#### [LISTED ENTRIES]

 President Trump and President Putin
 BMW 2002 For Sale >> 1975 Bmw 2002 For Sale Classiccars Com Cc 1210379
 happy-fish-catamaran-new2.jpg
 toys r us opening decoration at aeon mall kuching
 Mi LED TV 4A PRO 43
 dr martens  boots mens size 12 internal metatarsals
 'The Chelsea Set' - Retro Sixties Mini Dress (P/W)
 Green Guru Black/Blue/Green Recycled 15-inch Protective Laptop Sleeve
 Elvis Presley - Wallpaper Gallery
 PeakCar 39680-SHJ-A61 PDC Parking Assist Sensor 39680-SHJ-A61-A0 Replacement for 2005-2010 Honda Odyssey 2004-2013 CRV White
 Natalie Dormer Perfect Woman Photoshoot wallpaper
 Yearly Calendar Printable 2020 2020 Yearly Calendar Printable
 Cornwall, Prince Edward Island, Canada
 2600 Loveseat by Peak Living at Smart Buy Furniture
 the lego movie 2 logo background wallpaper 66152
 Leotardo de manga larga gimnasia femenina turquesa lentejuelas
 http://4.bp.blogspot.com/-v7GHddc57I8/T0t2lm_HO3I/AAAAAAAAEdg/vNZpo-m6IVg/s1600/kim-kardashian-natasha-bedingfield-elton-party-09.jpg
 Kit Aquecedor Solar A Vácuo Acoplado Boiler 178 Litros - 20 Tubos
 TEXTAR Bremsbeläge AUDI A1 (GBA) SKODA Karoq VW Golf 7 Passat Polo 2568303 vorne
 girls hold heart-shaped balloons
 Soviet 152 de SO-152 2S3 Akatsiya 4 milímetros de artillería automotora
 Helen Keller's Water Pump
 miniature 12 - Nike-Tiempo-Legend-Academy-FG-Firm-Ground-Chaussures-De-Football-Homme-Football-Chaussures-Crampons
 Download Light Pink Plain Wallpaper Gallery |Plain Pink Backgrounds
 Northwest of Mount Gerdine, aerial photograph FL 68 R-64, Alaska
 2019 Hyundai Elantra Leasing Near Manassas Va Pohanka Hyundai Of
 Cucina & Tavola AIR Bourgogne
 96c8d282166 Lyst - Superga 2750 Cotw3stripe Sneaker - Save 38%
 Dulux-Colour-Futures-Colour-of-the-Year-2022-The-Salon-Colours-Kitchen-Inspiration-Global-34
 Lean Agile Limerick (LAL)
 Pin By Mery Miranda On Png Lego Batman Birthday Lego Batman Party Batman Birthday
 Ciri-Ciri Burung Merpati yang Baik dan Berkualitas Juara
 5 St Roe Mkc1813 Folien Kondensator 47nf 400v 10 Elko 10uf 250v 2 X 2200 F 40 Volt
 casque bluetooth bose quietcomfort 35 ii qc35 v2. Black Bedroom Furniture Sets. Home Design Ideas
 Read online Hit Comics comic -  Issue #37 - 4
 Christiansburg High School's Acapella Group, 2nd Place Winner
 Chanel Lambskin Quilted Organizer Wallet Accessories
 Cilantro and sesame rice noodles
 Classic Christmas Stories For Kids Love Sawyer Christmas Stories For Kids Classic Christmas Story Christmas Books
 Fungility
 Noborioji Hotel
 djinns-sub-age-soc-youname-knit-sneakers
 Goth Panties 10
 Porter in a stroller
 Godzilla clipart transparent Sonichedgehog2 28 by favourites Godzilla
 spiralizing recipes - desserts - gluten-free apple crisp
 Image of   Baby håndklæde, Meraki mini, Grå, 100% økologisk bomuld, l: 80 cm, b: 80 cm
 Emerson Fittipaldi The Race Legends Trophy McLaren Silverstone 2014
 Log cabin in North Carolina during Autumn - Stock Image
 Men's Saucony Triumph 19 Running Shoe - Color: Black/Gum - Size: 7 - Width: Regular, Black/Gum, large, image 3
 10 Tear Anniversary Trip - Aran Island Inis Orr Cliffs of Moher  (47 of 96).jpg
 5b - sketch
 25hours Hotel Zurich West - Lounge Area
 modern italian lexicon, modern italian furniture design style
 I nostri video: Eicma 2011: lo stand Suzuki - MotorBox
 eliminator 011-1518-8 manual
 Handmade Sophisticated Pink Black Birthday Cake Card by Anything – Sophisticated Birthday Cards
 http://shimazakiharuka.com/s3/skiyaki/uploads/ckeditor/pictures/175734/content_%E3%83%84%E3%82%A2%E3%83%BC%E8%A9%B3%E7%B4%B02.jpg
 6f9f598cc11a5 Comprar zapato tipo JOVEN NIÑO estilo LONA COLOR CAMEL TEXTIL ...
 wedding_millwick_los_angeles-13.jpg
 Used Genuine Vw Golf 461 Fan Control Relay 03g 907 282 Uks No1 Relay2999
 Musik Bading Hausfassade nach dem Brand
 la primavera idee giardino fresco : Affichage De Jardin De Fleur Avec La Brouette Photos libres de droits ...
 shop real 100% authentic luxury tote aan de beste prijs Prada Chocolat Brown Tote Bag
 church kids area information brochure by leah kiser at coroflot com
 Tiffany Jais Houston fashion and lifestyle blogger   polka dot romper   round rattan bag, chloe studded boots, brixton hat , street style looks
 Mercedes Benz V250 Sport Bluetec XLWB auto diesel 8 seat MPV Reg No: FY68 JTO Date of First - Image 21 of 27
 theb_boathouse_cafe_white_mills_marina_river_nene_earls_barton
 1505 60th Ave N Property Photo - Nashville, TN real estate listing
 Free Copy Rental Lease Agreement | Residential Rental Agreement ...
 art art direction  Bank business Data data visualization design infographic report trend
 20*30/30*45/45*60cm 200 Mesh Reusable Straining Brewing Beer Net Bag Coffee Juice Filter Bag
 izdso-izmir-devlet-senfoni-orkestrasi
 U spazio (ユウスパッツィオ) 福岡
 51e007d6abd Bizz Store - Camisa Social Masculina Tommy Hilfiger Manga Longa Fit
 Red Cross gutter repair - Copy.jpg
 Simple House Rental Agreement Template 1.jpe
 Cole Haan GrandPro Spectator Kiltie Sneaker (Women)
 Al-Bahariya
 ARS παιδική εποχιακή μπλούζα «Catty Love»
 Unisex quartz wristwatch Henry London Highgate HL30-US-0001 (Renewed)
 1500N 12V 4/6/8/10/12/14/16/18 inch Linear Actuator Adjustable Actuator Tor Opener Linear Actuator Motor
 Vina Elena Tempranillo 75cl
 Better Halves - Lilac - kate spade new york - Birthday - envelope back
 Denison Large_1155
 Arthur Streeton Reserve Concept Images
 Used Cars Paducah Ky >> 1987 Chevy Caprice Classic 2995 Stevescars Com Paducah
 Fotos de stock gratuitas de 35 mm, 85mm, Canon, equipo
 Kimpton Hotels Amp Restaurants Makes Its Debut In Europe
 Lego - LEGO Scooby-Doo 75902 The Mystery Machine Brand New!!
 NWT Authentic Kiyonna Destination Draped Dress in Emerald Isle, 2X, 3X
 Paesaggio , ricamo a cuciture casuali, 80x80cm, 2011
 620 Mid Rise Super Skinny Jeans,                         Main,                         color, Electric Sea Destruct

#### [EXERCISE PROMPT]
Reproduce the records above exactly. Leave nothing out.

#### [FINAL ANSWER]
 President Trump and President Putin
 BMW 2002 For Sale >> 1975 Bmw 2002 For Sale Classiccars Com Cc 1210379
 happy-fish-catamaran-new2.jpg
 toys r us opening decoration at aeon mall kuching
 Mi LED TV 4A PRO 43
 dr martens  boots mens size 12 internal metatarsals
 'The Chelsea Set' - Retro Sixties Mini Dress (P/W)
 Green Guru Black/Blue/Green Recycled 15-inch Protective Laptop Sleeve
 Elvis Presley - Wallpaper Gallery
 PeakCar 39680-SHJ-A61 PDC Parking Assist Sensor 39680-SHJ-A61-A0 Replacement for 2005-2010 Honda Odyssey 2004-2013 CRV White
 Natalie Dormer Perfect Woman Photoshoot wallpaper
 Yearly Calendar Printable 2020 2020 Yearly Calendar Printable
 Cornwall, Prince Edward Island, Canada
 2600 Loveseat by Peak Living at Smart Buy Furniture
 the lego movie 2 logo background wallpaper 66152
 Leotardo de manga larga gimnasia femenina turquesa lentejuelas
 http://4.bp.blogspot.com/-v7GHddc57I8/T0t2lm_HO3I/AAAAAAAAEdg/vNZpo-m6IVg/s1600/kim-kardashian-natasha-bedingfield-elton-party-09.jpg
 Kit Aquecedor Solar A Vácuo Acoplado Boiler 178 Litros - 20 Tubos
 TEXTAR Bremsbeläge AUDI A1 (GBA) SKODA Karoq VW Golf 7 Passat Polo 2568303 vorne
 girls hold heart-shaped balloons
 Soviet 152 de SO-152 2S3 Akatsiya 4 milímetros de artillería automotora
 Helen Keller's Water Pump
 miniature 12 - Nike-Tiempo-Legend-Academy-FG-Firm-Ground-Chaussures-De-Football-Homme-Football-Chaussures-Crampons
 Download Light Pink Plain Wallpaper Gallery |Plain Pink Backgrounds
 Northwest of Mount Gerdine, aerial photograph FL 68 R-64, Alaska
 2019 Hyundai Elantra Leasing Near Manassas Va Pohanka Hyundai Of
 Cucina & Tavola AIR Bourgogne
 96c8d282166 Lyst - Superga 2750 Cotw3stripe Sneaker - Save 38%
 Dulux-Colour-Futures-Colour-of-the-Year-2022-The-Salon-Colours-Kitchen-Inspiration-Global-34
 Lean Agile Limerick (LAL)
 Pin By Mery Miranda On Png Lego Batman Birthday Lego Batman Party Batman Birthday
 Ciri-Ciri Burung Merpati yang Baik dan Berkualitas Juara
 5 St Roe Mkc1813 Folien Kondensator 47nf 400v 10 Elko 10uf 250v 2 X 2200 F 40 Volt
 casque bluetooth bose quietcomfort 35 ii qc35 v2. Black Bedroom Furniture Sets. Home Design Ideas
 Read online Hit Comics comic -  Issue #37 - 4
 Christiansburg High School's Acapella Group, 2nd Place Winner
 Chanel Lambskin Quilted Organizer Wallet Accessories
 Cilantro and sesame rice noodles
 Classic Christmas Stories For Kids Love Sawyer Christmas Stories For Kids Classic Christmas Story Christmas Books
 Fungility
 Noborioji Hotel
 djinns-sub-age-soc-youname-knit-sneakers
 Goth Panties 10
 Porter in a stroller
 Godzilla clipart transparent Sonichedgehog2 28 by favourites Godzilla
 spiralizing recipes - desserts - gluten-free apple crisp
 Image of   Baby håndklæde, Meraki mini, Grå, 100% økologisk bomuld, l: 80 cm, b: 80 cm
 Emerson Fittipaldi The Race Legends Trophy McLaren Silverstone 2014
 Log cabin in North Carolina during Autumn - Stock Image
 Men's Saucony Triumph 19 Running Shoe - Color: Black/Gum - Size: 7 - Width: Regular, Black/Gum, large, image 3
 10 Tear Anniversary Trip - Aran Island Inis Orr Cliffs of Moher  (47 of 96).jpg
 5b - sketch
 25hours Hotel Zurich West - Lounge Area
 modern italian lexicon, modern italian furniture design style
 I nostri video: Eicma 2011: lo stand Suzuki - MotorBox
 eliminator 011-1518-8 manual
 Handmade Sophisticated Pink Black Birthday Cake Card by Anything – Sophisticated Birthday Cards
 http://shimazakiharuka.com/s3/skiyaki/uploads/ckeditor/pictures/175734/content_%E3%83%84%E3%82%A2%E3%83%BC%E8%A9%B3%E7%B4%B02.jpg
 6f9f598cc11a5 Comprar zapato tipo JOVEN NIÑO estilo LONA COLOR CAMEL TEXTIL ...
 wedding_millwick_los_angeles-13.jpg
 Used Genuine Vw Golf 461 Fan Control Relay 03g 907 282 Uks No1 Relay2999
 Musik Bading Hausfassade nach dem Brand
 la primavera idee giardino fresco : Affichage De Jardin De Fleur Avec La Brouette Photos libres de droits ...
 shop real 100% authentic luxury tote aan de beste prijs Prada Chocolat Brown Tote Bag
 church kids area information brochure by leah kiser at coroflot com
 Tiffany Jais Houston fashion and lifestyle blogger   polka dot romper   round rattan bag, chloe studded boots, brixton hat , street style looks
 Mercedes Benz V250 Sport Bluetec XLWB auto diesel 8 seat MPV Reg No: FY68 JTO Date of First - Image 21 of 27
 theb_boathouse_cafe_white_mills_marina_river_nene_earls_barton
 1505 60th Ave N Property Photo - Nashville, TN real estate listing
 Free Copy Rental Lease Agreement | Residential Rental Agreement ...
 art art direction  Bank business Data data visualization design infographic report trend
 20*30/30*45/45*60cm 200 Mesh Reusable Straining Brewing Beer Net Bag Coffee Juice Filter Bag
 izdso-izmir-devlet-senfoni-orkestrasi
 U spazio (ユウスパッツィオ) 福岡
 51e007d6abd Bizz Store - Camisa Social Masculina Tommy Hilfiger Manga Longa Fit
 Red Cross gutter repair - Copy.jpg
 Simple House Rental Agreement Template 1.jpe
 Cole Haan GrandPro Spectator Kiltie Sneaker (Women)
 Al-Bahariya
 ARS παιδική εποχιακή μπλούζα «Catty Love»
 Unisex quartz wristwatch Henry London Highgate HL30-US-0001 (Renewed)
 1500N 12V 4/6/8/10/12/14/16/18 inch Linear Actuator Adjustable Actuator Tor Opener Linear Actuator Motor
 Vina Elena Tempranillo 75cl
 Better Halves - Lilac - kate spade new york - Birthday - envelope back
 Denison Large_1155
 Arthur Streeton Reserve Concept Images
 Used Cars Paducah Ky >> 1987 Chevy Caprice Classic 2995 Stevescars Com Paducah
 Fotos de stock gratuitas de 35 mm, 85mm, Canon, equipo
 Kimpton Hotels Amp Restaurants Makes Its Debut In Europe
 Lego - LEGO Scooby-Doo 75902 The Mystery Machine Brand New!!
 NWT Authentic Kiyonna Destination Draped Dress in Emerald Isle, 2X, 3X
 Paesaggio , ricamo a cuciture casuali, 80x80cm, 2011
 620 Mid Rise Super Skinny Jeans,                         Main,                         color, Electric Sea Destruct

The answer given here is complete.